Background
There is a physical upper limit to the number of orders per second that can be processed by a trading host of a security trading system, which is determined by the physical hardware capacity and software algorithm efficiency of the trading system. For example, one ten-trillion network card is matched with a Linux kernel, the number of UDP packets which can be delivered to an application program per second is about 50 ten thousand, a large number of control message packets are also included, each data packet application layer needs to be processed by 20 microseconds, and the number of report data packets which can be actually processed is about 5 thousand per second. In order to avoid a large amount of packet loss caused by excessive data packets and waste of system resources on retransmission control and out-of-order processing, the number of orders arriving at each trading host per second needs to be limited. Limiting the number of orders arriving at the trading system per second also provides a fair trading opportunity for the market, and avoids the occurrence of events such as the sudden reporting of a large number of order rushing boards by customers on a single seat (link).
Current limiting algorithms in the industry can be basically divided into 4 classes:
fixing window current limiting: fixed window throttling is the simplest to divide the time into multiple windows, and increments a counter each time an order is placed in a window, and if the counter exceeds the limit, the new incoming request in the event window will be rejected. The problem with this algorithm is that it may let twice as much traffic pass at the window boundary time point.

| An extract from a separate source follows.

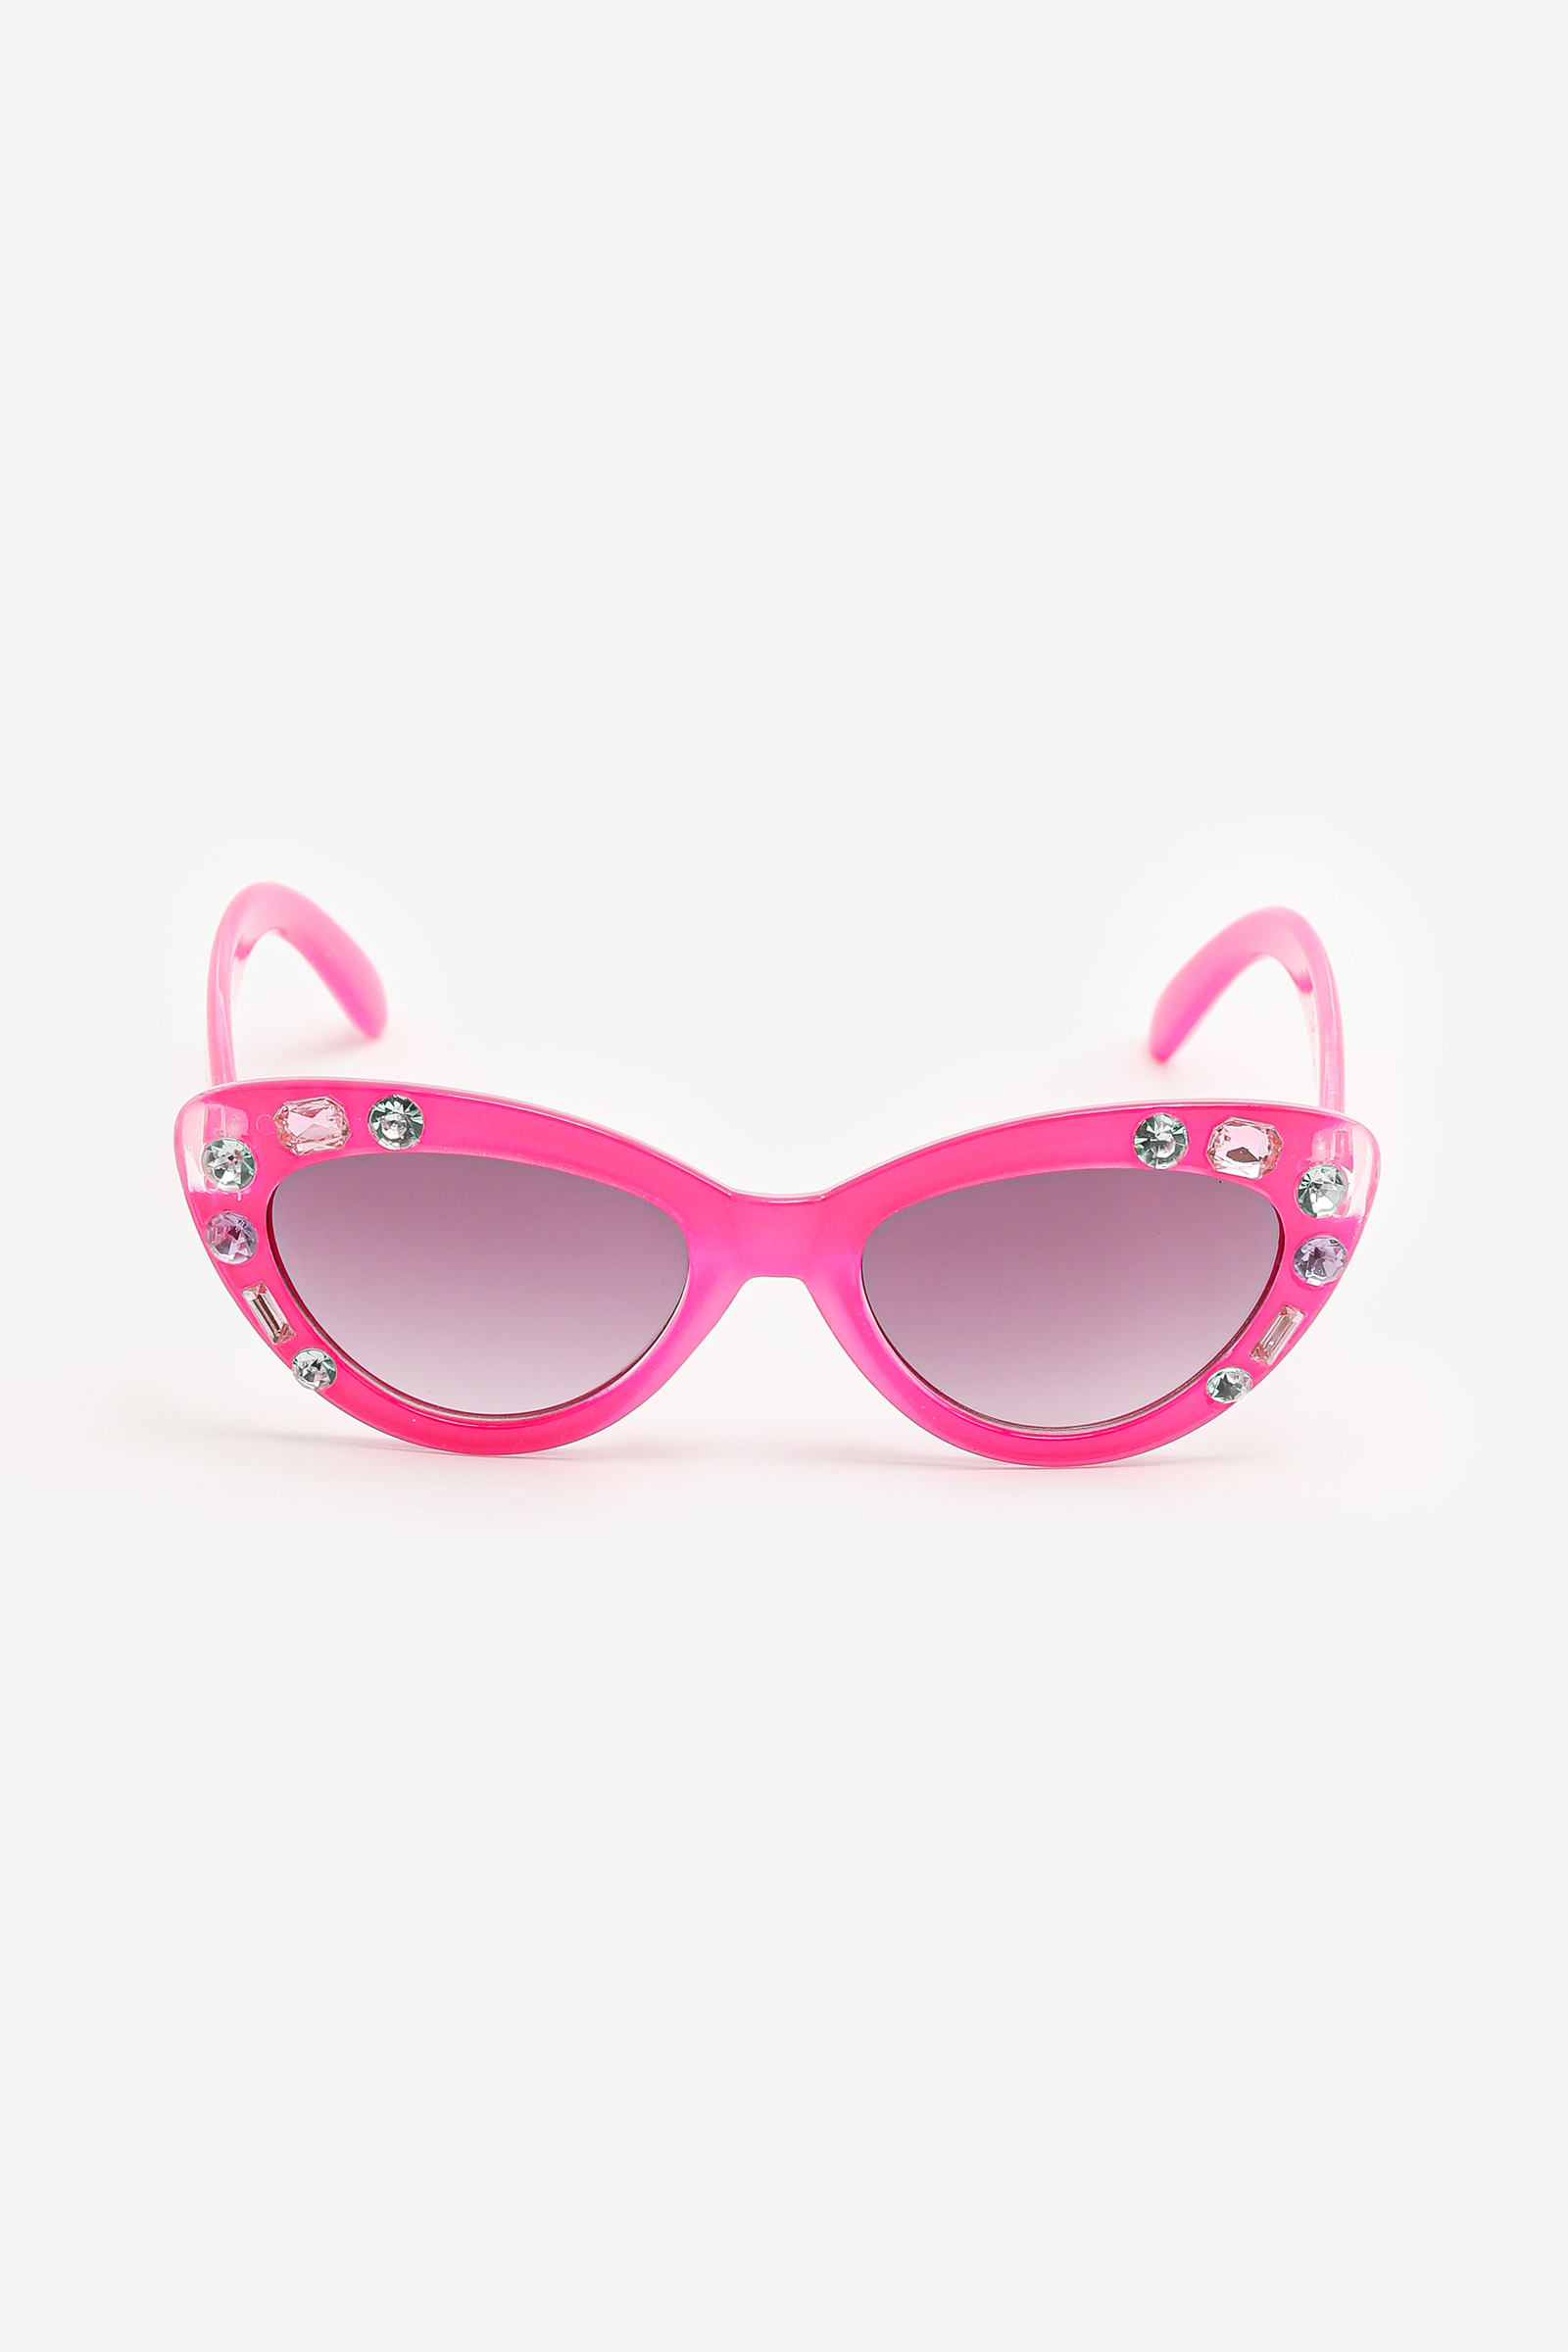 Jeweled Cat Eye Sunglasses for Kids

Sliding window current limiting: the sliding window flow limitation is to subdivide windows on the basis of fixed window flow limitation and delete expired windows on the first-in first-out principle, and the algorithm does not have the problem of twice burst flow, but needs to consume O (N) space (N is the number of windows) for storing the count on each small window.

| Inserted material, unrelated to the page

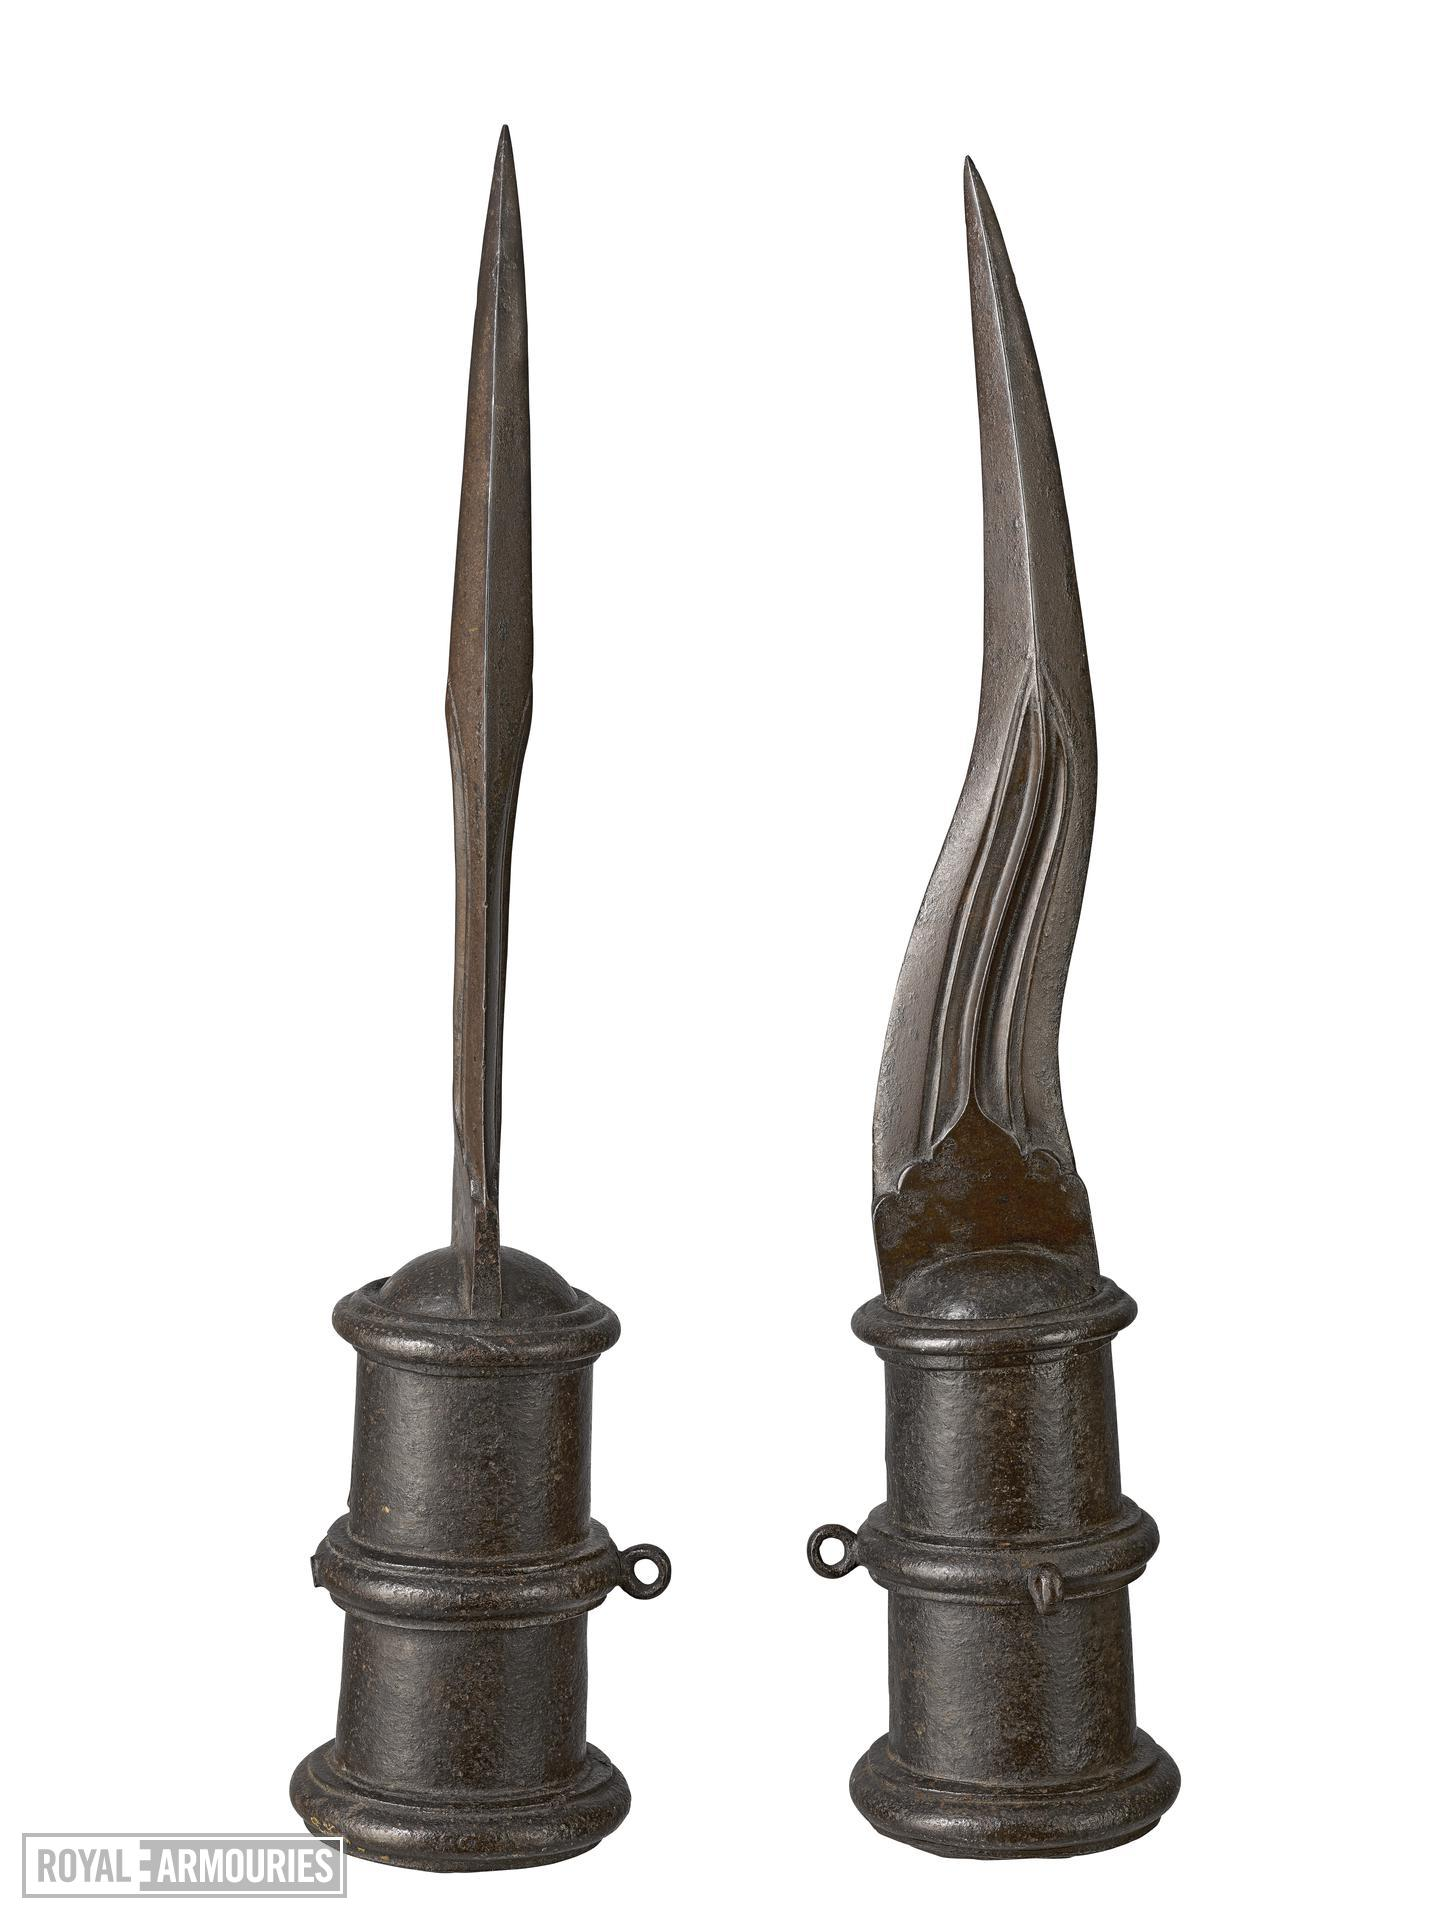 Pair of elephant tusk swords, India, about 1600 XXVIM.40

And (3) a leaky bucket algorithm: the leaky bucket algorithm removes queued requests at fixed intervals, and new incoming requests are directly rejected if they exceed the capacity of the queue within the bucket. The problem with this algorithm is that new requests will wait a fixed interval to be processed anyway, increasing processing latency.
Token bucket algorithm: the token bucket algorithm generates tokens at a fixed rate and places the tokens in the bucket, requests for fetching tokens are processed, and those that cannot be fetched are rejected. The token bucket can better limit the current for single-point services, but cannot cooperatively limit the current for distributed multiple entries, so that the number of requests reaching a target service exceeds the limit.
In the existing trading system, the flow control strategy adopted by the bidding trading host is mainly in-transit order number control, which does not limit the orders that can be sent on a certain link every second, and only limits how many orders are processed on the link at a certain moment in waiting for the trading host, so that the flow control mode can be understood as a variation of the leaky bucket algorithm and the tight binding of the business field, because whether the request orders in the queue need to be deleted or not is processed according to the result returned from the trading host.
As shown in fig. 1, each trading gateway maintains an in-transit queue, each communication server (denoted CS) also maintains a respective in-transit order queue, and distinguishes the sub-queues in connection with the upstream gateway, in which all orders that have been sent to the trading host are recorded, and when an order execution report is received in response from the trading host, looks up the corresponding order from the queue and deletes it, and allows a new order to be transmitted to the next layer and eventually to the trading host.
The problem exists in that when all the CSs reach the maximum number of orders in transit, if the varieties are concentrated, the sending frequency of the orders exceeds the processing capacity per second of a single trading host, so that the CS in-transit queue is full, the waiting time of the orders in the queue is increased by 10-15 seconds, the response time delay of a trading system is seriously increased, and the alarm of an upstream dealer system is triggered.
When the queue is full, the CS stops reading data in communication connection with the transaction gateway, so that heartbeat of the two parties is overtime, the connection is actively disconnected, reconnection operation is triggered, and snow frost is added to a network and an operating system layer.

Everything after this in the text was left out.